Ольга Гладышева - Крест. Иван II Красный. Том 1
— Я и завещание-то за хлопотами позабыл состряпать, — беспокоился Протасий.
— Вот и значит, не помрёшь.
— А после меня Васька мой тысяцким останется?
— Не бойся. У тебя вон и второй Васька, внук, матереет.
— В Орде да в дороге чуть не цельный год проводим, — печалился Протасий. — Делами неколи заниматься.
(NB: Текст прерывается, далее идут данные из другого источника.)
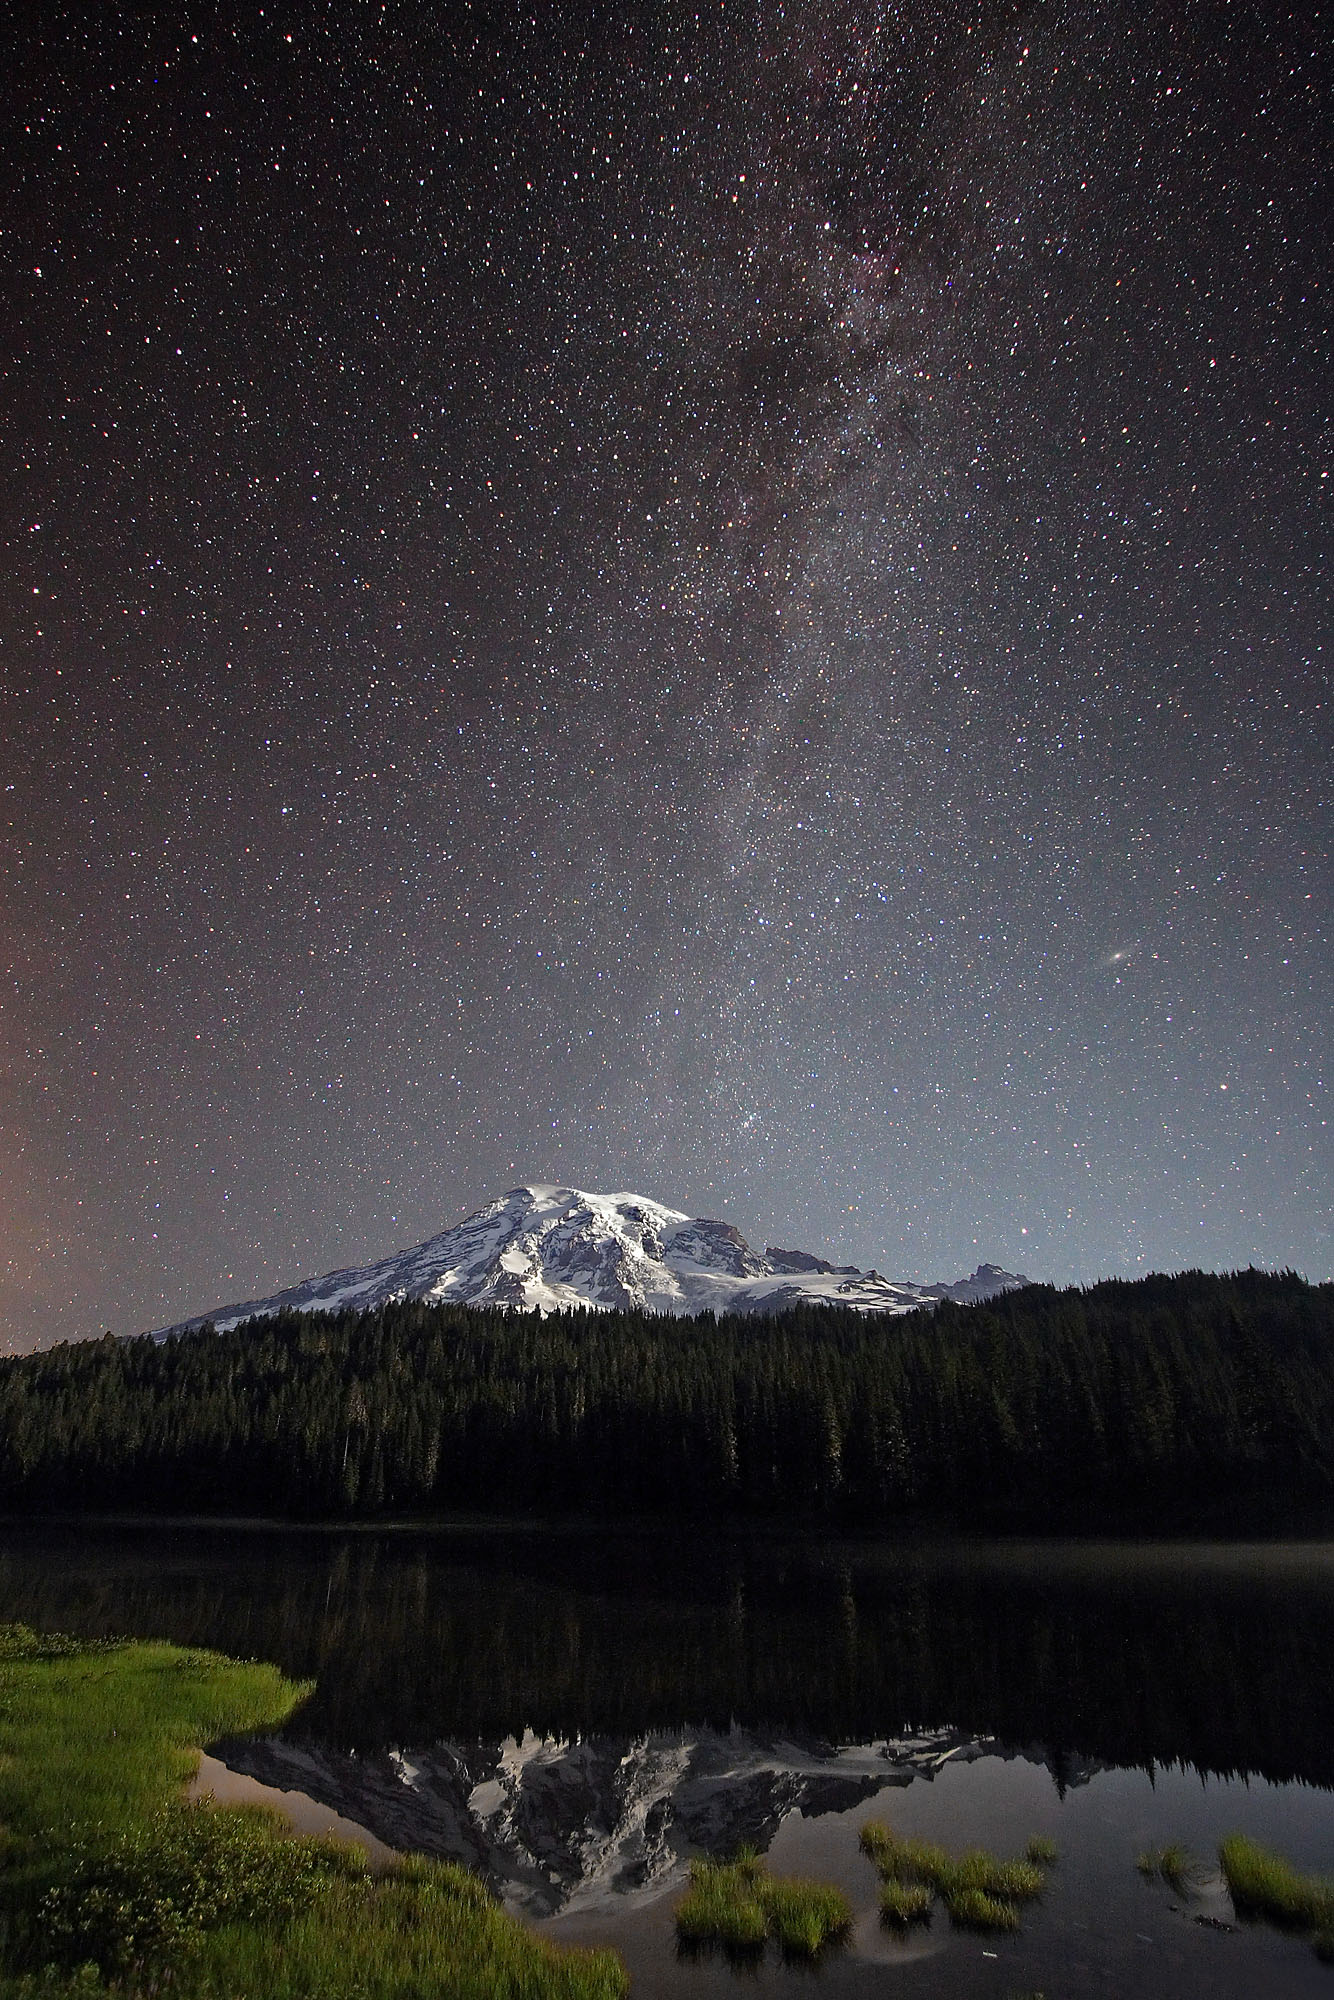 Der nächtliche Vulkan Mount Rainier spiegelt sich mit den Sternen der Milchstrasse in den Reflection Lakes.

— Боле не возьму тебя, — пообещал Иван Данилович.
— Не гож, значит, стал?
— Ну что ты такой заноза? Подумай сам, на Москве сейчас никого нетути: ни великого князя, ни митрополита, ни тысяцкого. Хорошо ли это? Последний раз так. Не знаем, чего там и деется.
— Опять же долгая отлучка мужа из дома порождает отчуждение из семейной жизни, — размышлял Протасий.
— Да, жену милую повидать охота, — согласился Иван Данилович, — Мы ведь в любови живём. А кто иначе, тому, конечно, отлучка — сласть.
Долгие разговоры на долгом пути, долгие остановки, перековка и отдых лошадей, перегруз на санный полоз — томительна была обратная дорога. Вот уже починки, займища, деревни попрятались в снега, лишь изредка завидишь бедный крест сельской церковки. Сипуга мела день ото дня круче. Иванушка привык к морозам, к отогревам у костров, к простым голосам, к скуке... Одно развлечение — зайца увидать иль лису-огнёвку. Ему казалось, он так Давно из дому, что все его там позабыли уже и никто не ждёт. Ни городов на пути не встречалось, ни монастырей. Ровное белое покрывало над некогда зелёными И тенистыми балками, над поросшими камышом озёрами, над быстрыми подо льдом речками. Редко-редко дымок завидишь — ага, ночлег! «Пропадём мы тут, — думал иногда Иванчик, — и никто не узнает». Бесконечно тянулось Дикое Поле — ничьё поле.
Только после Рождества увидали впервые деревянные надолбы да башни сторожевые среди занесённых снегом рвов, колокольный звон услыхали. Ввечеру на башнях острожков загорались смоляные факелы — пошла земля обжитая. Избы в осадных дворах просторные — до двухсот человек поместится. Люди великокняжеские повеселели, иной раз и песня стала слышаться, и смех, и шутки.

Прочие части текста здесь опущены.